Freeholder William Braker, also of Jersey City, will go on trial Oct. 21 for allegedly demanding cash bribes and Viagra from Sandoval.

Sandoval was under subpoena from the defense in the Davila-Colon trial but did not testify and has not been charged with a crime. Willis said he did not call Sandoval to the stand because he would not submit to an interview before testifying.

"You have to be off your rocker as a lawyer to put someone on the stand who you haven't interviewed," he said.

Appeal expected

Willis said he will appeal the verdict and had already begun filing motions to have it overturned, though he declined to discuss on what grounds.

"I'm very surprised," he said of the jury's decision, which was unanimous. "I thought there was sufficient evidence for entrapment."

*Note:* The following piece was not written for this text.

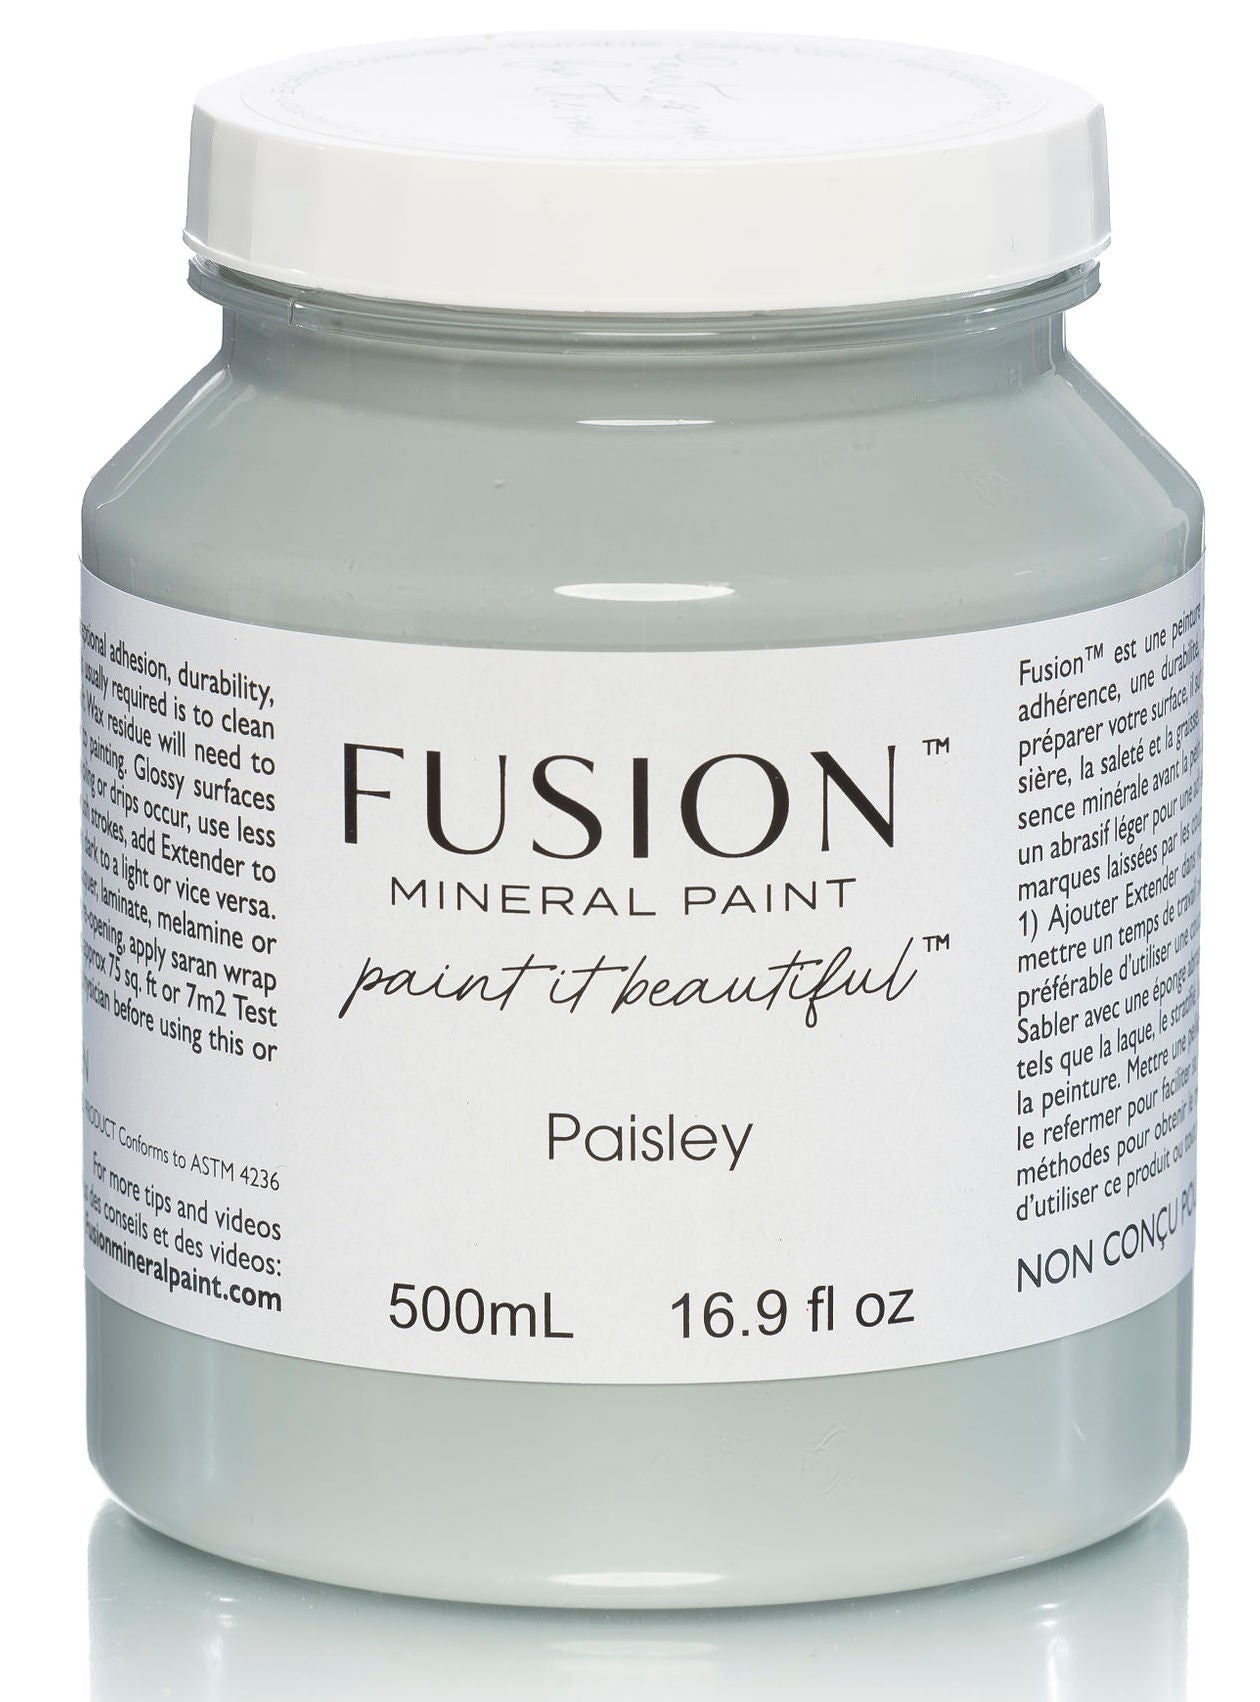 PAISLEY Fusion Mineral Paint

Under questioning from Willis on the witness stand during the trial, Davila-Colon tearfully recounted her relationship with Sandoval, whom she met when she sought treatment from him for depression.

She began dating the married doctor after their therapeutic relationship ended, though Sandoval continued to prescribe the antianxiety drug Xanax for her.

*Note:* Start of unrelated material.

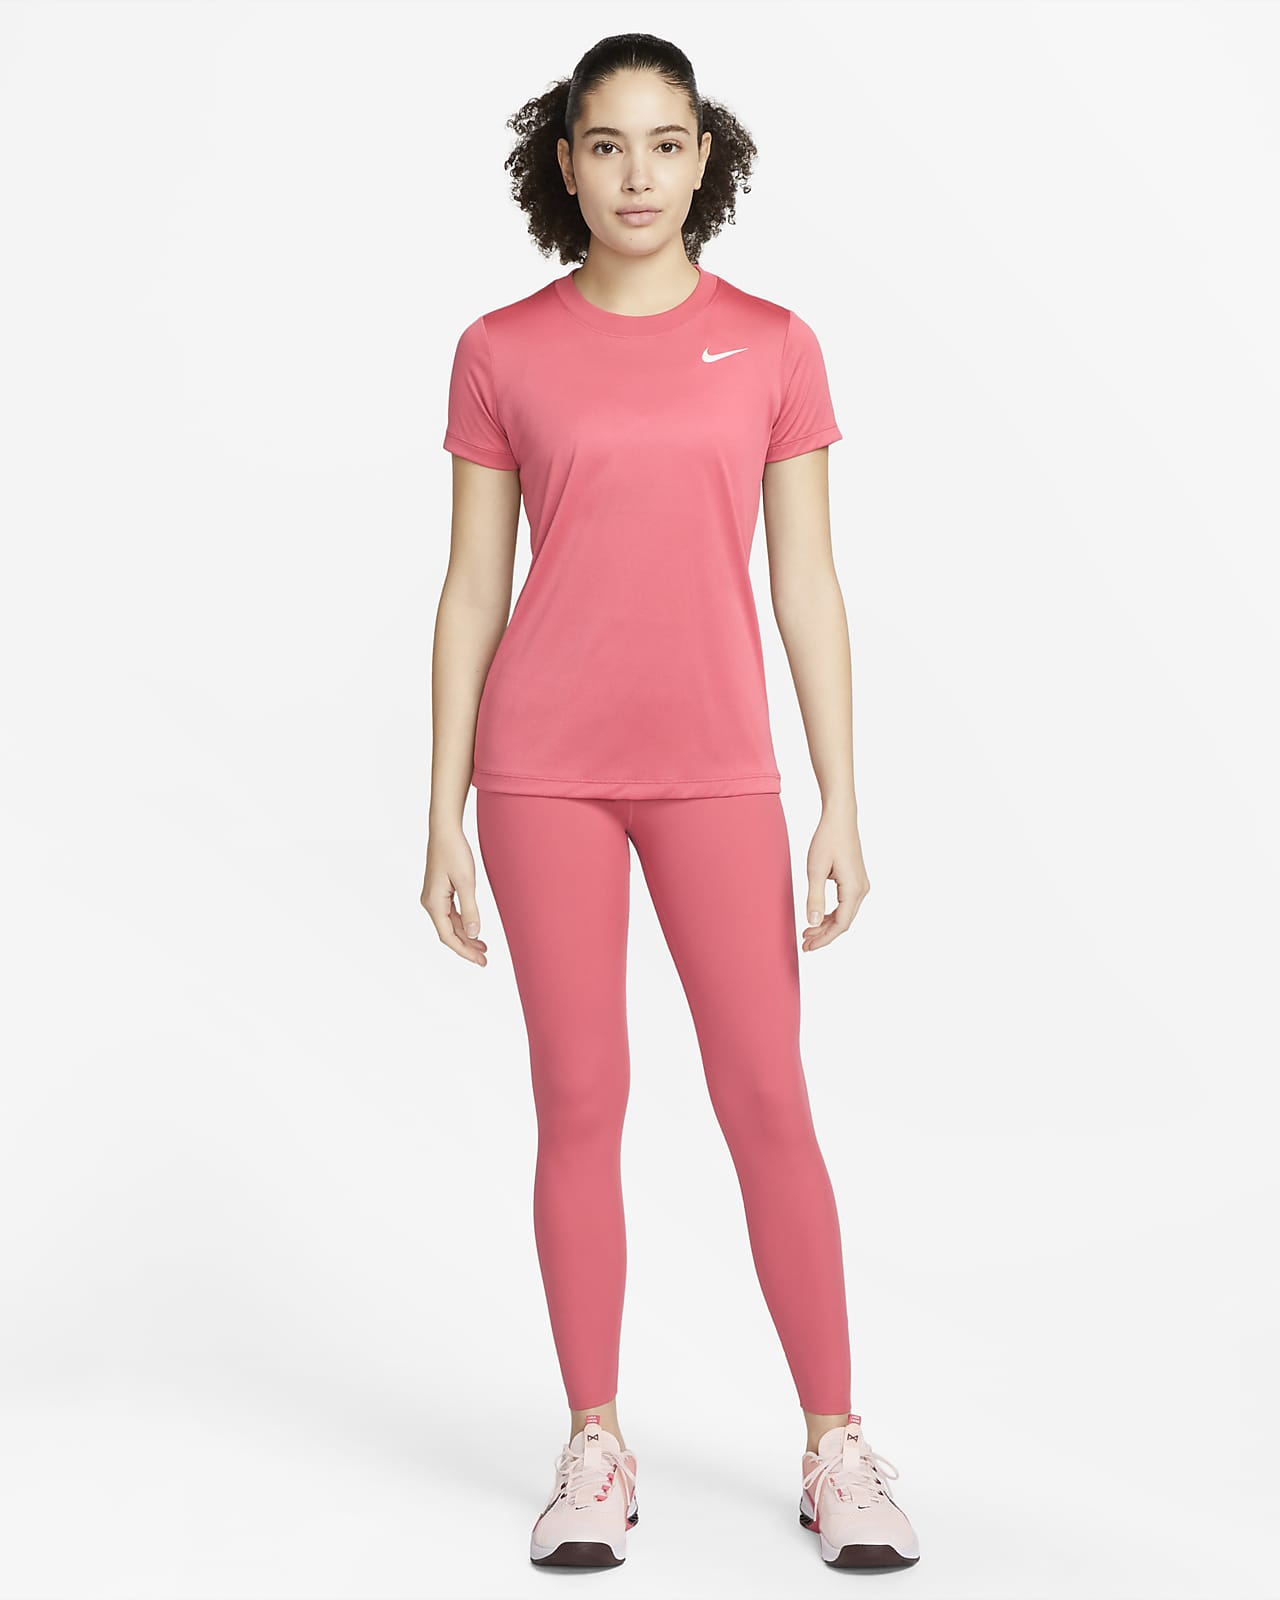 PINK ultimate leggings - size XS - clothing & accessories - by

Hoping to stir sympathy for his client during his closing argument Thursday, Willis painted Sandoval as a manipulator who, according to Davila-Colon, threatened suicide if she did not help him bribe Janiszewski. Because of this inducement, Willis argued, Davila-Colon was the victim of entrapment.

Janiszewski, who was not working for the government when he took the bribes she handed to him in 1999, testified that Davila-Colon also passed him bribes in 1995 or 1996.

The government argued that those payments show a predisposition on Davila-Colon's part to break the law, undercutting the entrapment defense. She denied knowingly making those payments.

The trial was interrupted for almost a week after Davila-Colon was taken to the hospital with chest pains. She was treated for high blood pressure and hypertension and was released after three days.

"She's not emotionally well," Willis said of Davila-Colon after the verdict yesterday. "And I hope she gets medical attention if she needs it immediately."

He added there was no reason to believe she required a doctor.

Asked about Davila-Colon's entrapment defense, Christie said: "Obviously the jury didn't buy that, and I'll stand by the jury."